A k-mer with a low frequency, however, may not be inaccurate due to bias and sequencing mistakes. Therefore, it is not ideal to discriminate solid k-mers just by frequency. We suggest a unique strategy of using z-score to identify incorrectly categorised weak and solid kmers in order to address this issue rather than ignoring it by existing ways. Research demonstrates that the z-score may be used to discriminate between genuine solid k-mers.

References

Alic AS, Blanquer I, Dopazo J and Ruzafa D (2016). Objective review of de novo stand-alone error correction methods for NGS data. WIREs Comput Mol Sci. 6: 111-146.

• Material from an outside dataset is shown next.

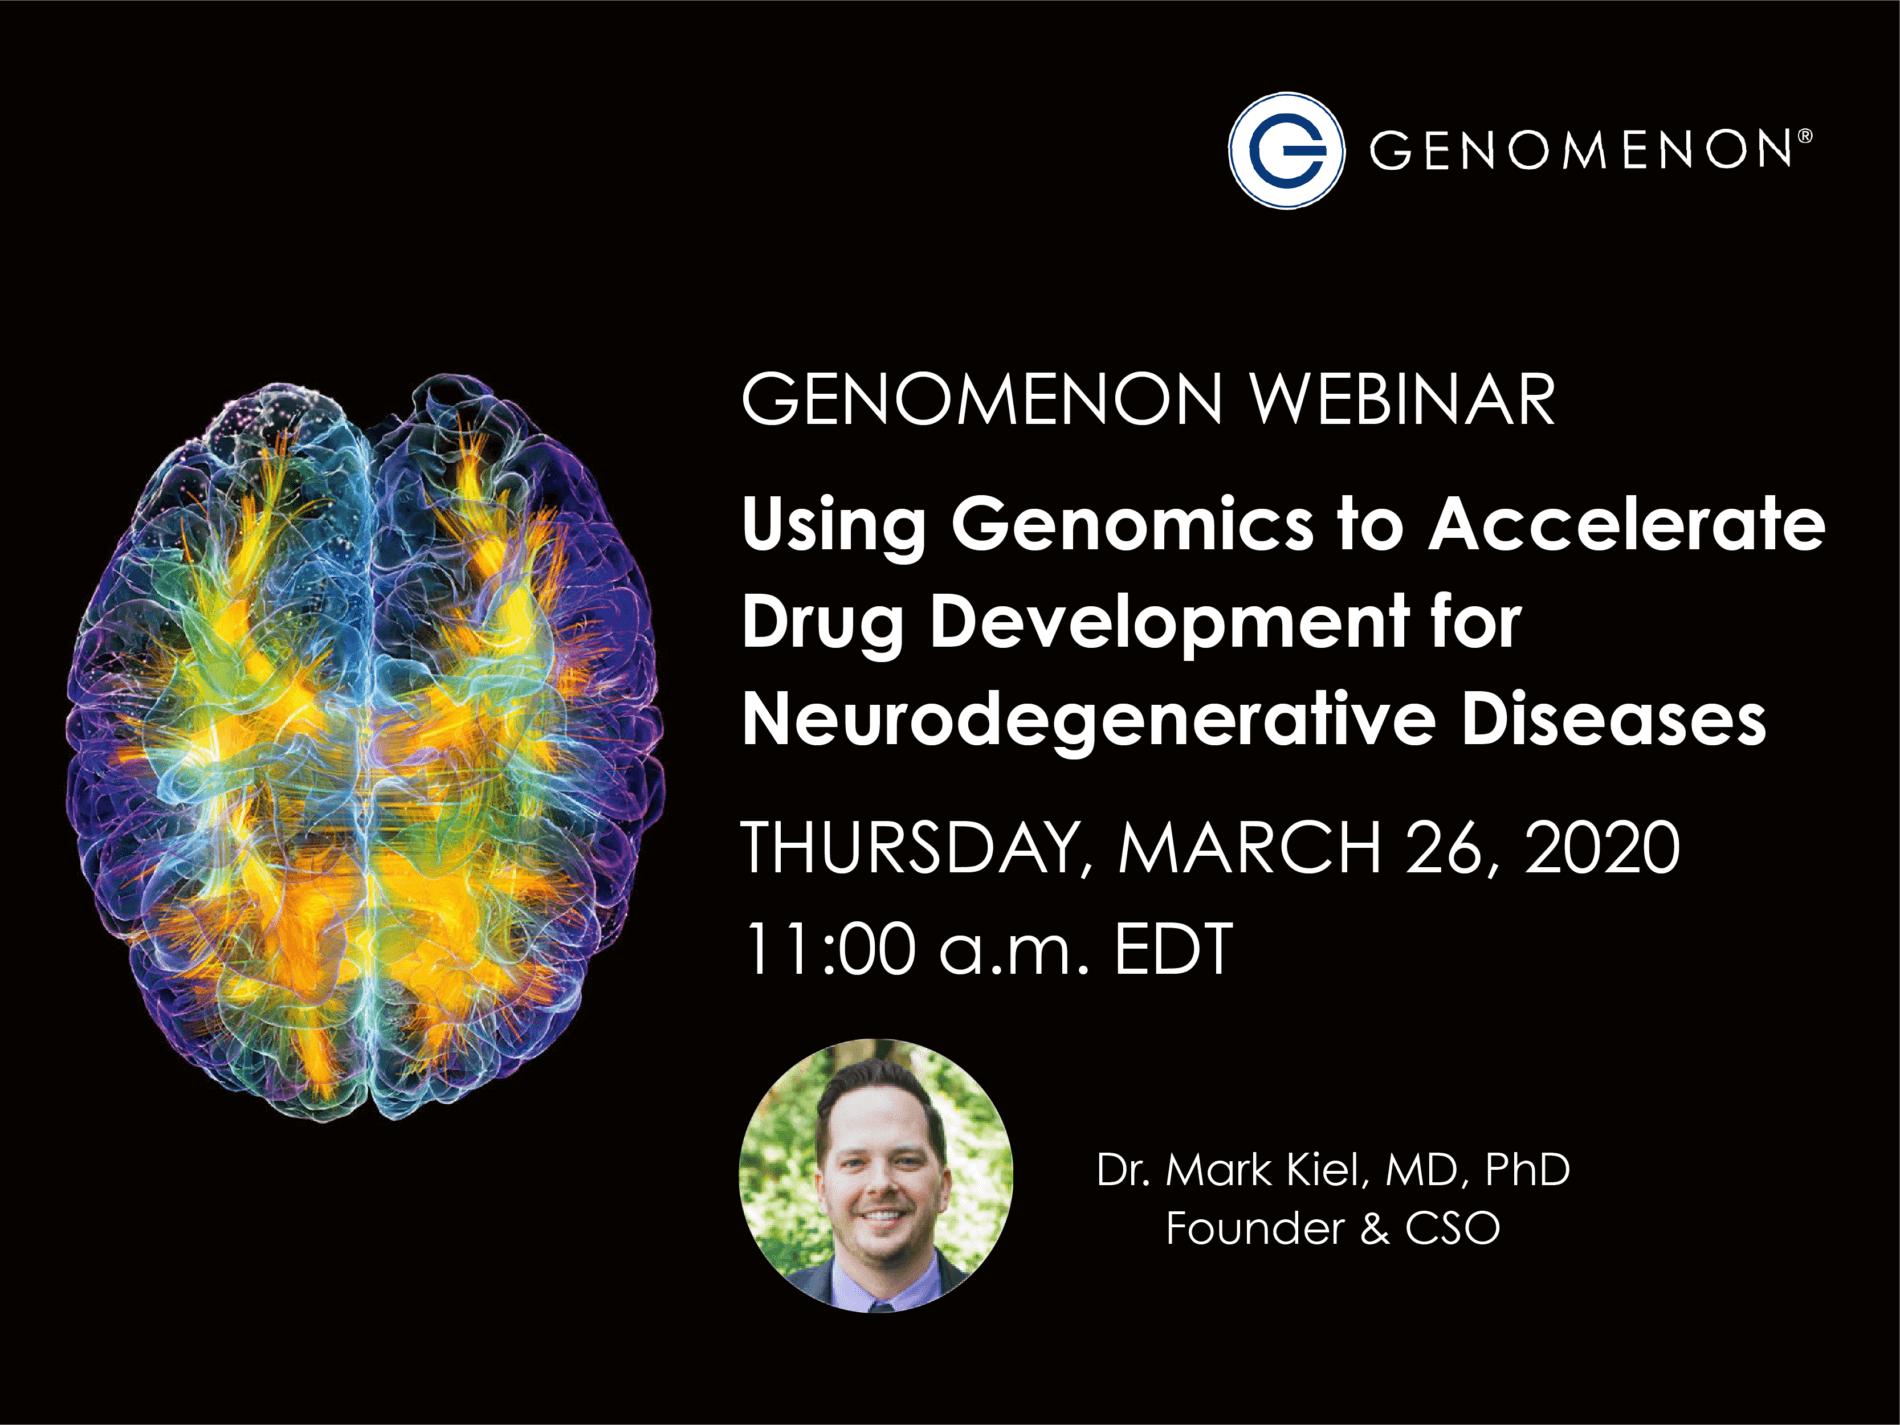 <h2><b>Upcoming Webinar:</h2> </b><Br> <h4><i>Using Genomics to Accelerate Drug Development for Neurodegenerative Diseases</h4></i><br>

Indexed at, Google Scholar , Crossref

Kelley DR, Schatz MC, Salzberg SL (2010). Quake: Quality-aware detection and correction of sequencing errors. Genome Biol. 11: R116.

Indexed at, Google Scholar , Crossref

Salmela L, Schroder J (2011). Correcting errors in short reads by multiple alignments. Bioinformatics. 27: 1455-1461.

Indexed at, Google Scholar , Crossref

Chen D, Hwu WM, Heo Y, Ma J, Wu XL (2014). BLESS: Bloom filter-based error correction solution for high-throughput sequencing reads. Bioinformatics. 30: 1354-1362.

Indexed at, Google Scholar , Crossref

Chen Q, Jiang P, Li W, Li J, Wong L, et al (2017). MapReduce for accurate error correction of next generation sequencing data. Bioinformatics. 33: 3844-3851.

Indexed at, Google Scholar , Crossref

Copyright: 2022 International Research Journals This is an open access article distributed under the terms of the Creative Commons Attribution License, which permits unrestricted use, distribution, and reproduction in any medium, provided the original work is properly cited.